Harry Palmer is a fictional character created by Len Deighton. He first appeared in the 1965 movie based on Deighton’s 1962 novel The Ipcress File. The Narrator is an unnamed first-person narrator in the novel, the name Harry Palmer only being used in the film.
The Harry Palmer books are a series of espionage novels by Len Deighton, featuring the eponymous character Harry Palmer. The series began with The Ipcress File in 1962 and continued with Horse Under Water (1962), Funeral in Berlin (1964), Billion-Dollar Brain (1966), An Expensive Place to Die (1967), Spy Story (1974), and Twinkle, Twinkle Little Spy (1976).
Harry Palmer is an anti-hero. He is not suave or handsome like James Bond. Instead, he is an everyman who is often smarter than those around him but does not have the social skills to get ahead.
He is a working-class man who has been drafted into the secret service because of his intelligence. However, he is not happy with his lot in life and is always looking for a way to better himself. This makes him a good agent as he is always willing to take risks.
The Ipcress File was adapted into a successful 1965 film starring Michael Caine as Harry Palmer. Two more films followed, Funeral in Berlin (1966) and Billion Dollar Brain (1967).
Harry Palmer Books In Publication Order
- The Ipcress File (1962)
- Horse Under Water (1962)
- Funeral in Berlin (1964)
- Billion-Dollar Brain (1966)
- An Expensive Place to Die (1967)
- Spy Story (1974)
- Twinkle, Twinkle Little Spy / Catch a Falling Spy (1976)
Harry Palmer Book Covers
Harry Palmer Books Overview
The Ipcress File
Len Deighton’s classic first novel, whose protagonist is a nameless spy later christened Harry Palmer and made famous worldwide in the iconic 1960s film starring Michael Caine. The Ipcress File was not only Len Deighton’s first novel, it was his first bestseller and the book that broke the mould of thriller writing. For the working class narrator, an apparently straightforward mission to find a missing biochemist becomes a journey to the heart of a dark and deadly conspiracy. The film of The Ipcress File gave Michael Caine one of his first and still most celebrated starring roles, while the novel itself has become a classic.
Horse Under Water
The Ipcress File was a debut sensation.

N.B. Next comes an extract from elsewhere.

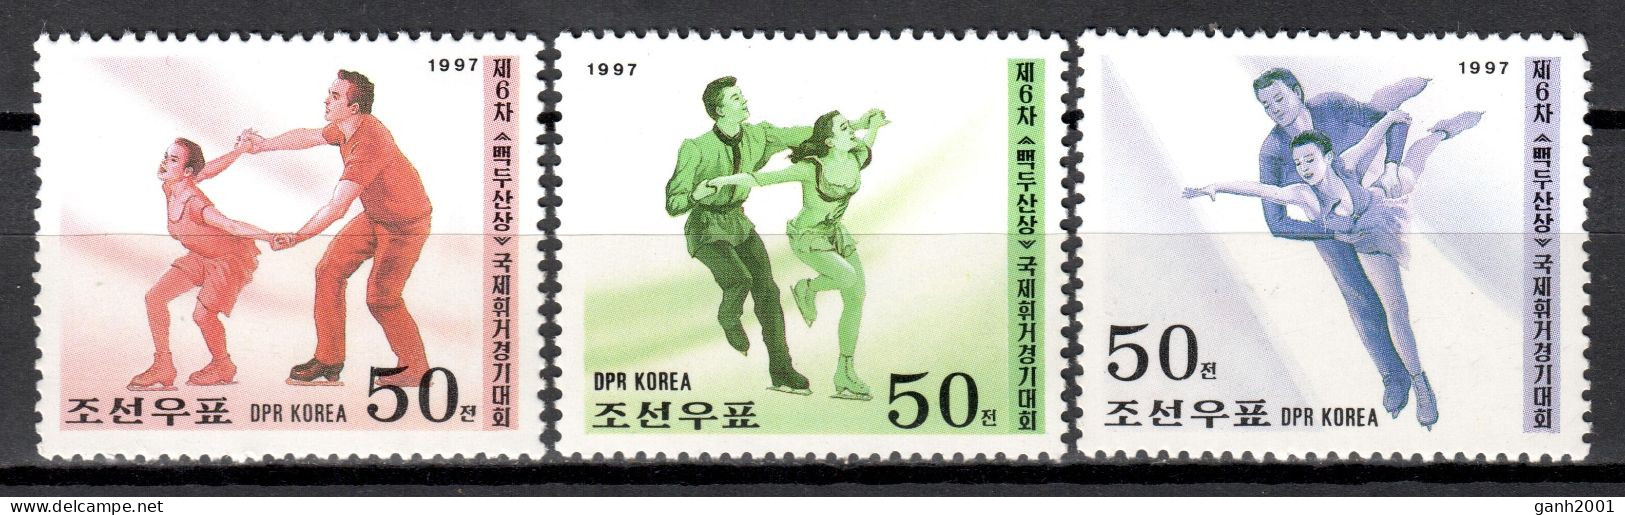 Korea North 1997 Corea / Figure Skating MNH Patinaje Artístico / Lx34  34-2 - Pattinaggio Artistico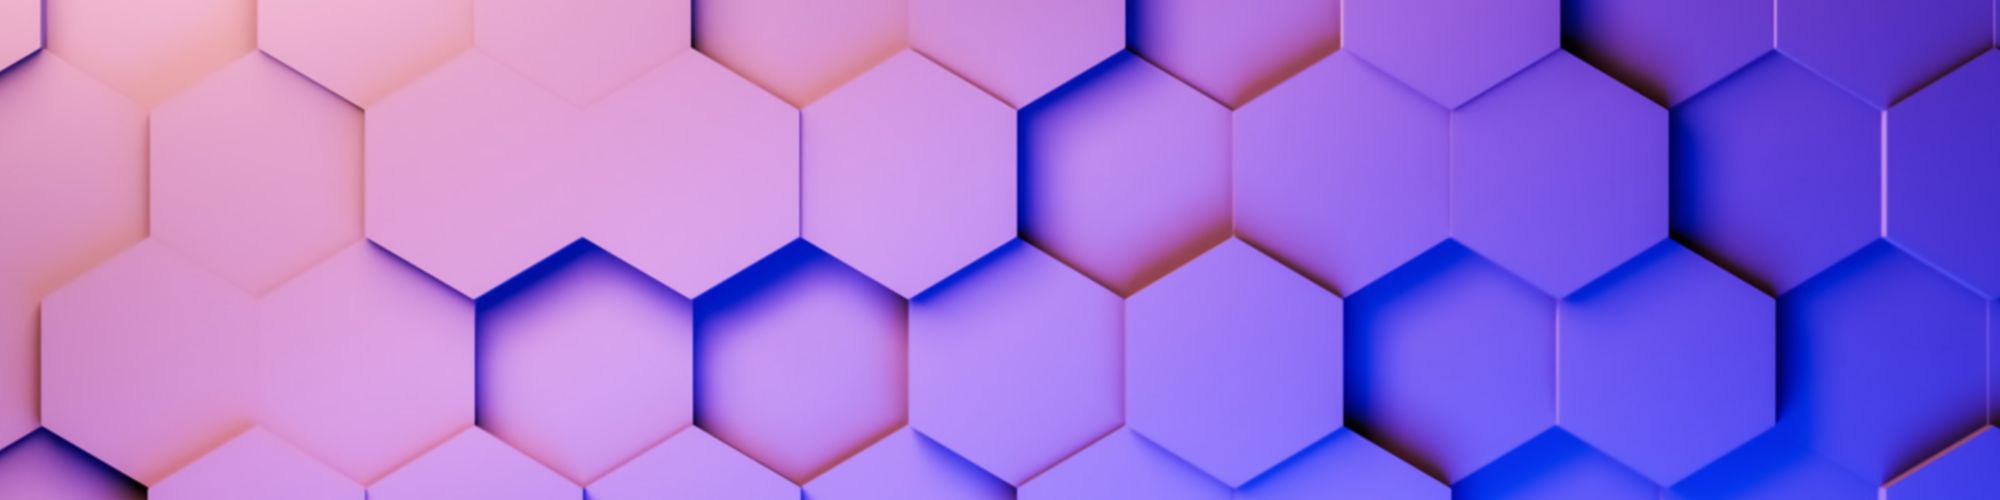 hexagonal purple 3d background

Here in the second Secret File, Horse Under Water, skin diving, drug trafficking and blackmail all feature in a curious story in which the dead hand of a long defeated Hitler Germany reaches out to Portugal, London and Marrakech, and to all the neo Na*zis of today’s Europe. The detail is frightening but unfaultable; the story as up to date as ever it was. The un named hero of The Ipcress File the same: insolent, fallible, capricious in other words, human. But he must draw on all his abilities, good and bad, when plunged into a story of murder, betrayal and greed every bit as murky as the waters off the coast of Portugal, where the answers lie buried.
Funeral in Berlin
A ferociously cool Cold War thriller from the author of The Ipcress File. Len Deighton’s third novel has become a classic, as compelling and suspenseful now as when it first exploded on to the bestseller lists. In Berlin, where neither side of the wall is safe, Colonel Stok of Red Army Security is prepared to sell an important Russian scientist to the West for a price. British intelligence are willing to pay, providing their own top secret agent is in Berlin to act as go between. But it soon becomes apparent that behind the facade of an elaborate mock funeral lies a game of deadly manoeuvres and ruthless tactics. A game in which the blood stained legacy of Na*zi Germany is enmeshed in the intricate moves of cold war espionage!
Billion-Dollar Brain
The classic spy thriller of lethal computer age intrigue and a maniac’s private cold war, featuring the same anonymous narrator and milieu of The IPCRESS File. The fourth of Deighton s novels to be narrated by the unnamed employee of WOOCP is the thrilling story of an anti communist espionage network owned by a Texan billionaire, General Midwinter, run from a vast computer complex known as the Brain. After having been recruited by Harvey Newbegin, the narrator travels from the bone freezing winter of Helsinki, Riga and Leningrad, to the stifling heat of Texas, and soon finds himself tangling with enemies on both sides of the Iron Curtain.
Spy Story
An attempted murder, the defection of a highly placed KGB official, and an explosive nuclear submarine chase beneath the Arctic Ocean seem to have little connection to one another. But they are the sparks that propel Pat Armstrong also known as Harry Palmer into the heart of a brutal East West power play. And when Armstrong returns to his own apartment where someone who looks and dresses just like him has taken up his identity we are drawn into the world of spies and counterspies, plots and counterplots, that is Len Deighton’s unbeatable trademark.